Free backup and archiving tool

Monday, March 14th, 2011

runs on Windows
screenshot of AceBackup

Breaking news flash: your computer is not perfect. While you may spend a lot of time with it, and sometimes it may feel like it's your only friend, the day will come when it will let you down. Maybe not today, and maybe not tomorrow, but at some point it's going to fail. And when it does, you really have to be ready. If that failure involves your hard drive, that means having good backups.

AceBackup is a tool that helps make it easy to back up those important files on your system. Whether it's work files, your music collection, or last summer's vacation pictures, you want to make sure you've got good archival copies just in case this is the day when it all comes undone. And speaking of archives, what about using this tool to keep track of changes to files in an ongoing project? Making a copy of today's version of a project may be valuable to you when, a month down the road, you decide you've headed off in the wrong direction and wish you could roll the clock back to a version that worked, instead of the mess you've created since. With AceBackup you can choose individual files or groups of files, and back them up to another hard drive, as well as saving them to removable drives, optical media like CDs or DVDs, or even to a remote FTP server. And if you like, you can encrypt it all. Nice.

AceBackup is a free Windows application.

Download AceBackup

System clipboard enhancement

Sunday, March 13th, 2011

runs on Mac
screenshot of ClipMenu

As we've mentioned numerous times before, we're big fans of the system clipboard.
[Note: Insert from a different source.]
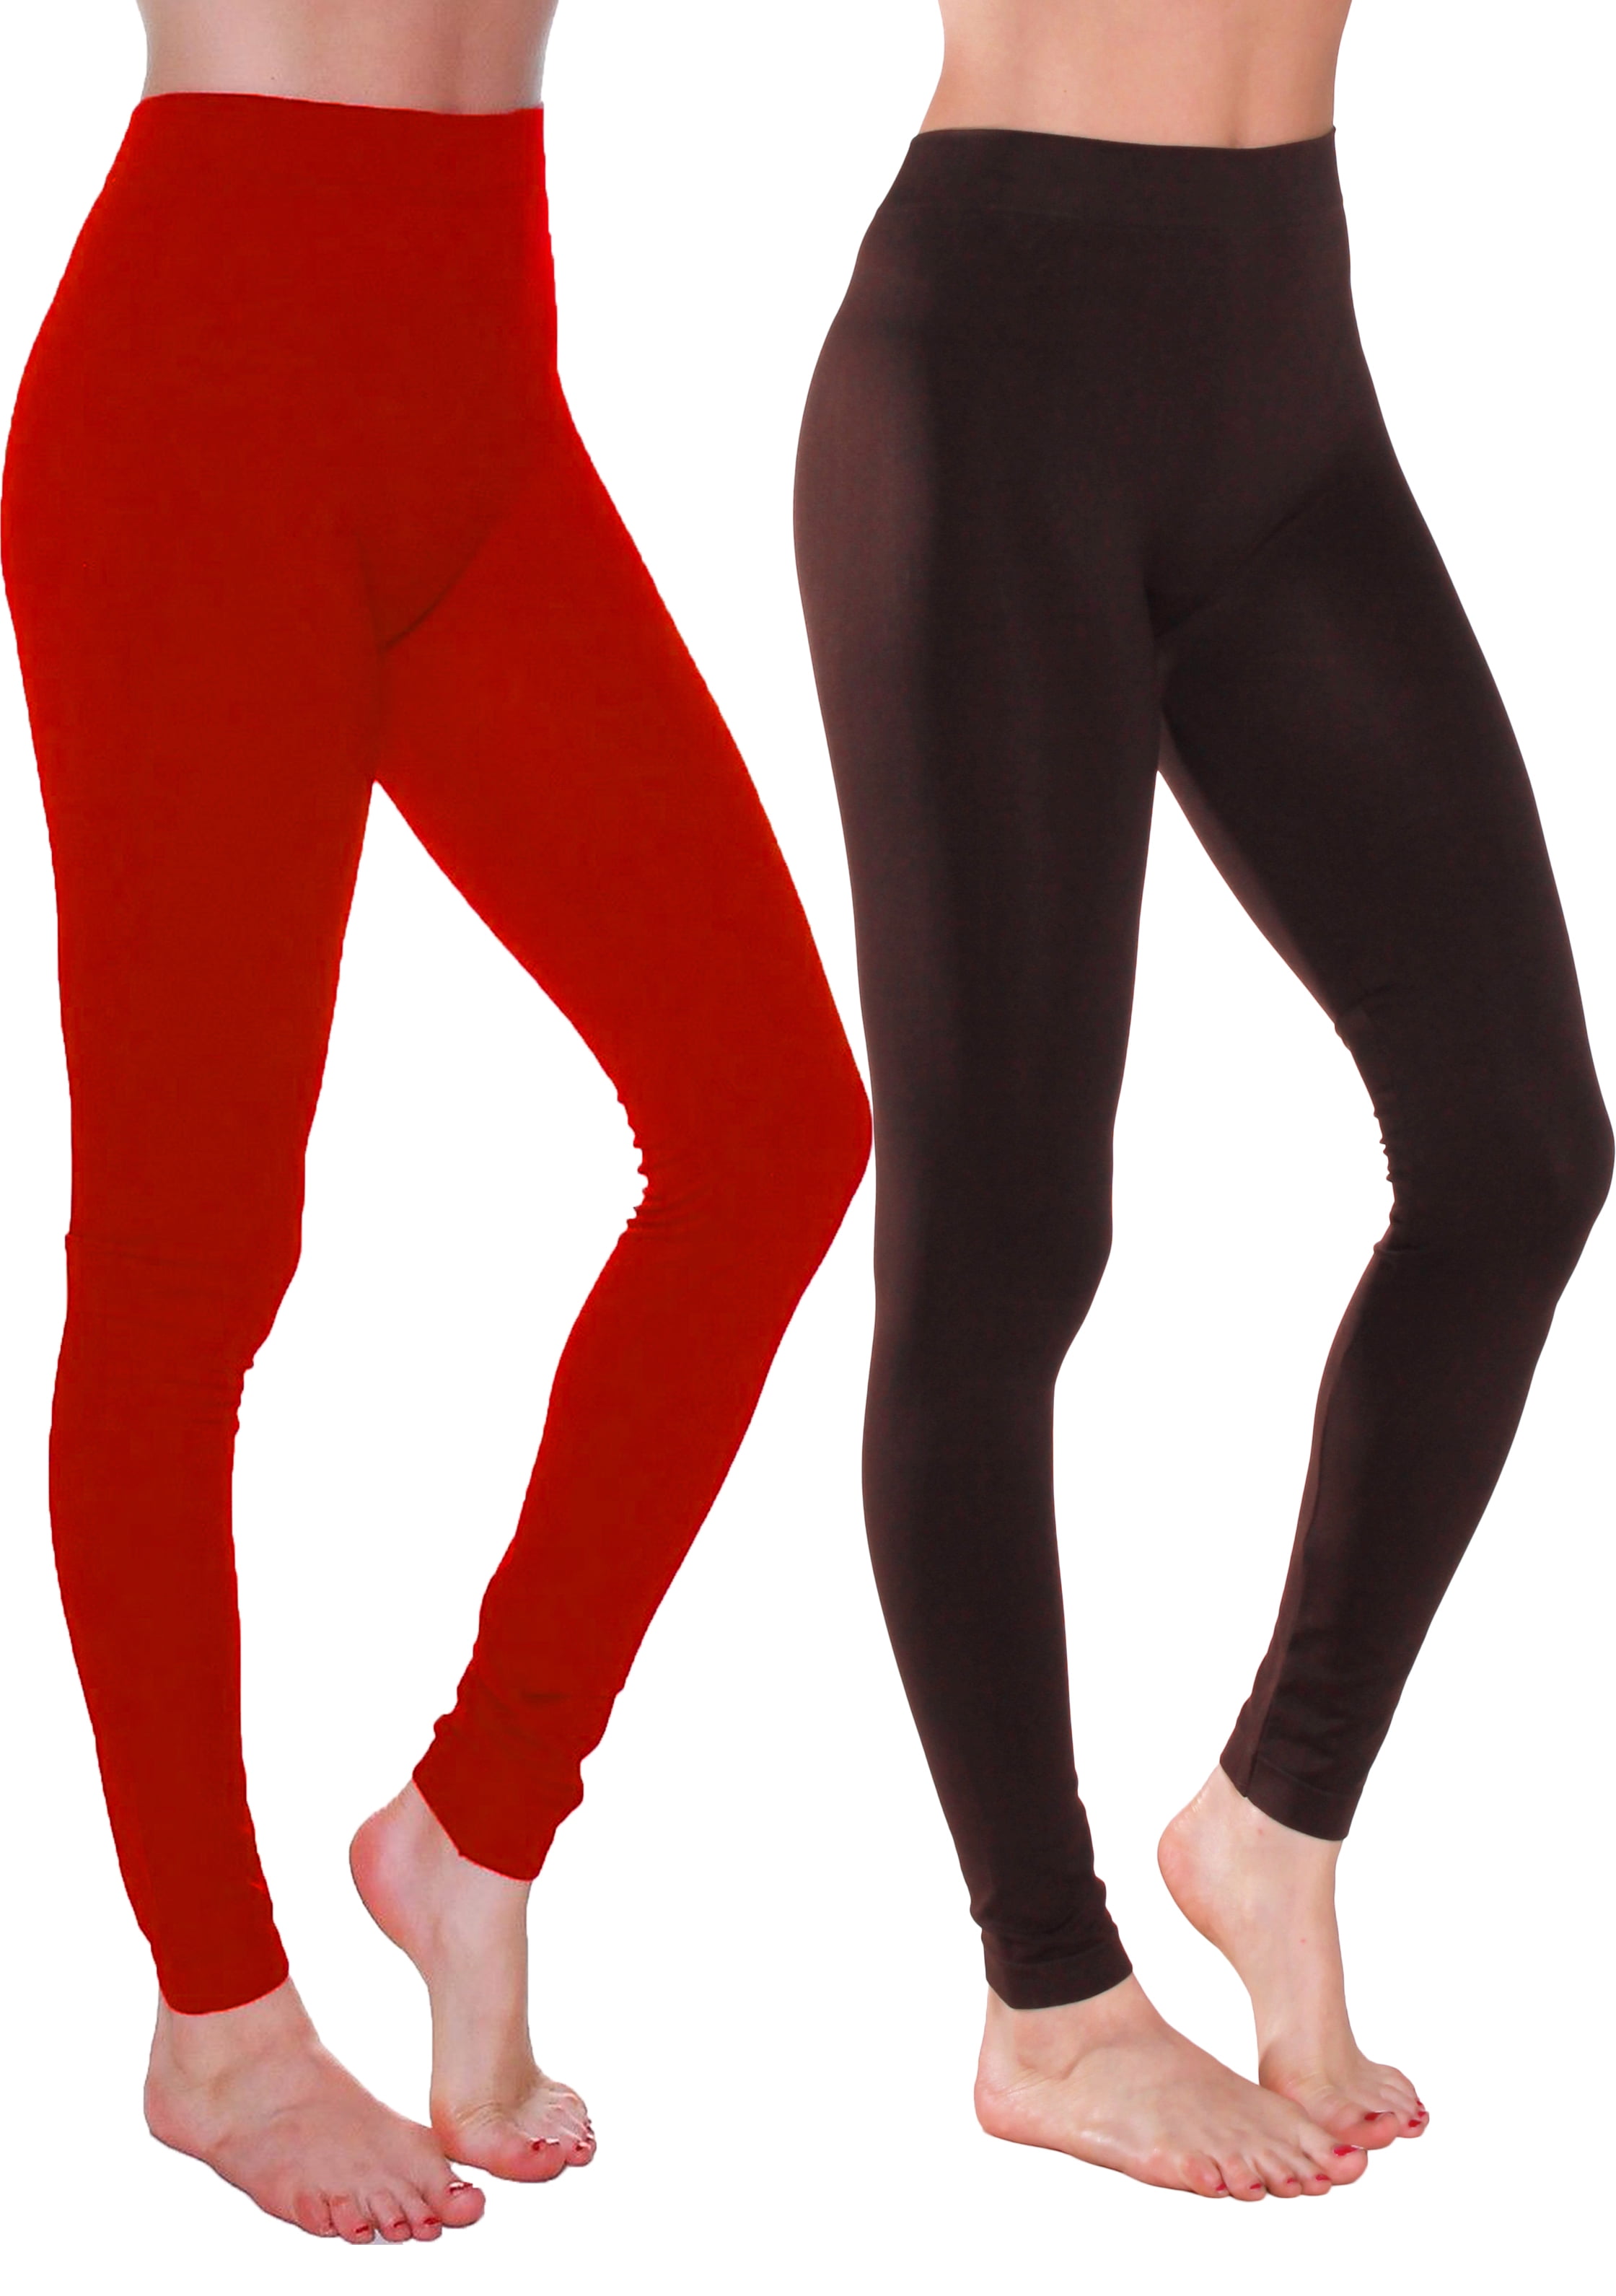 Terra & Sky Women's Plus Size Fleece Lined Holiday Print Leggings, 2-Pack 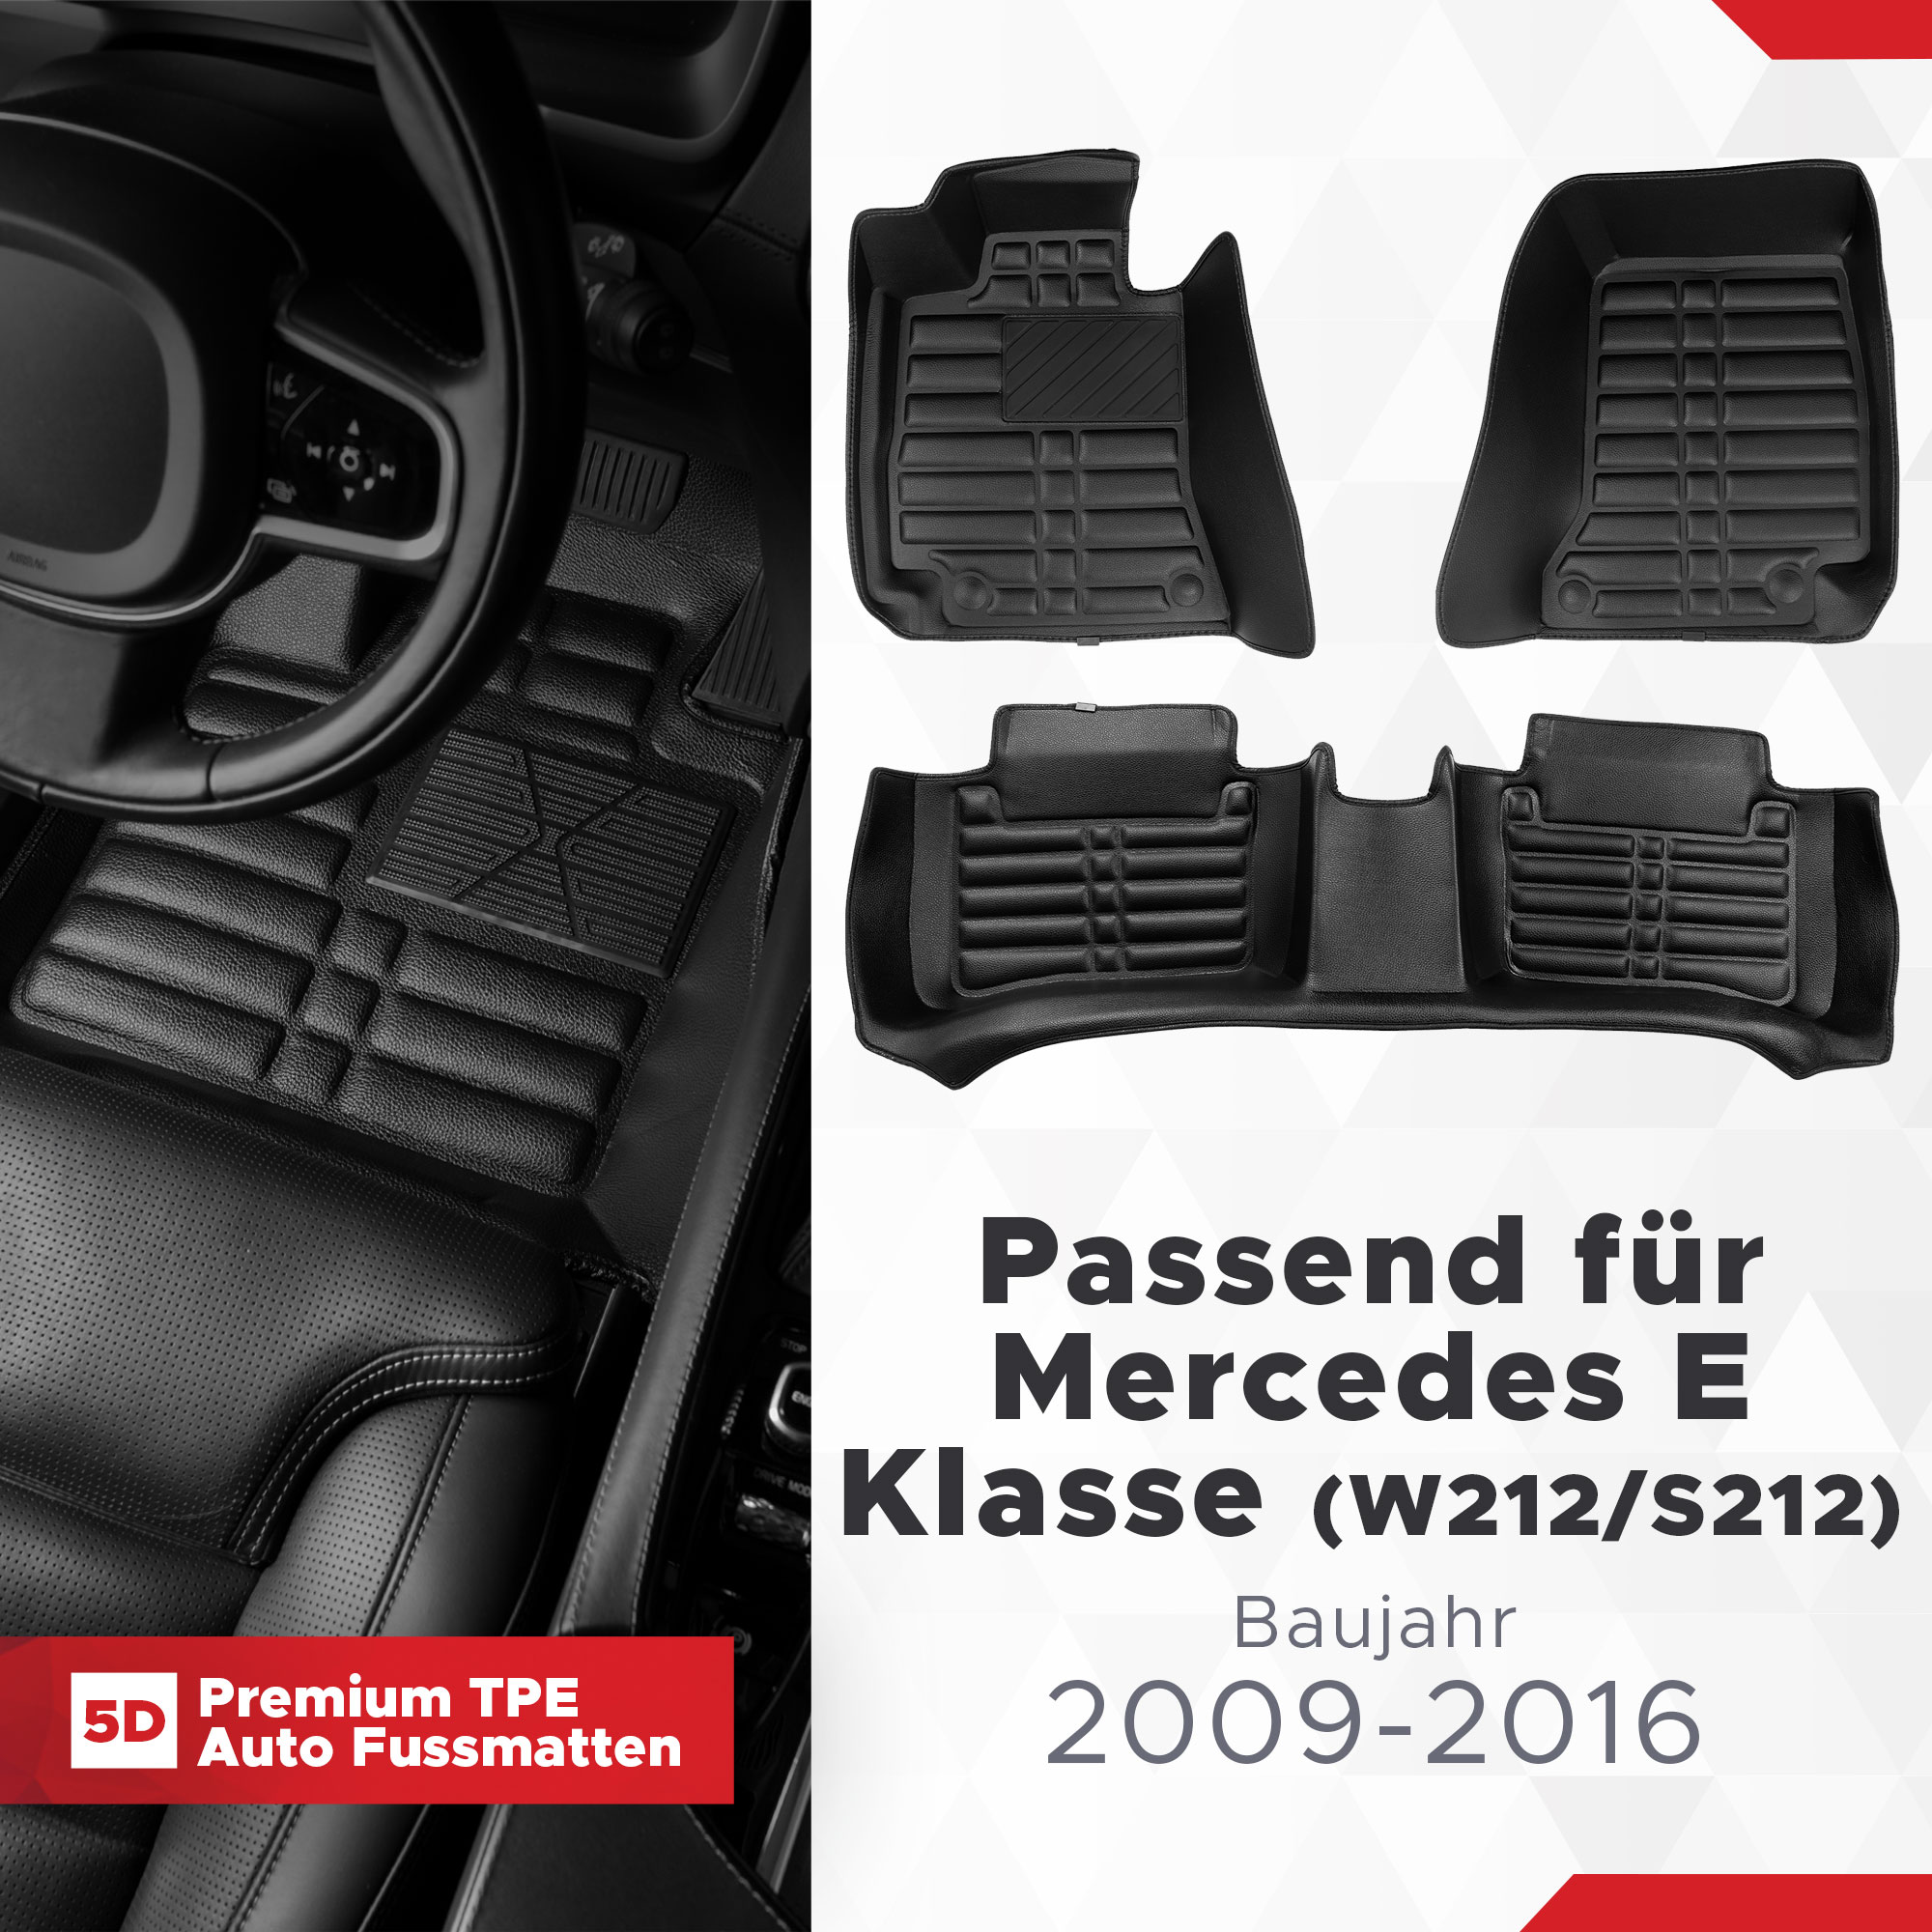 Fussmatten 2009-2016 Klasse Bj (W212/S212) Mercedes TPE E 5D

The ability to copy and paste text from one application to another has saved our bacon on a number of occasions. Whether it's a big chunk of text that we're moving from document to document, or some really complicated password that we need to enter into an app or a web page, there's nothing like not having to type all that stuff over and over again. And then there's the pictures: being able to copy and paste an image makes life much easier. If only we could work with more than one picture or one chunk of text at the same time.

ClipMenu is a clipboard enhancement for your Mac. Instead of being able to track only one item at a time, this tool will let you grab as many clips as you like, up to the point that you run out or RAM. Heck, its default is to track 20 clipboard history items, more than enough for most purposes. It can deal with text—both formatted and unformatted—as well as images. You can even save text snippets so that they're always available for you—maybe a favorite website, an often-used email address, or even some fancy signature for you to use.

ClipMenu is a Mac application. It runs under OS X 10.5 (Leopard) or later, and it features 64-bit support under Snow Leopard (10.6).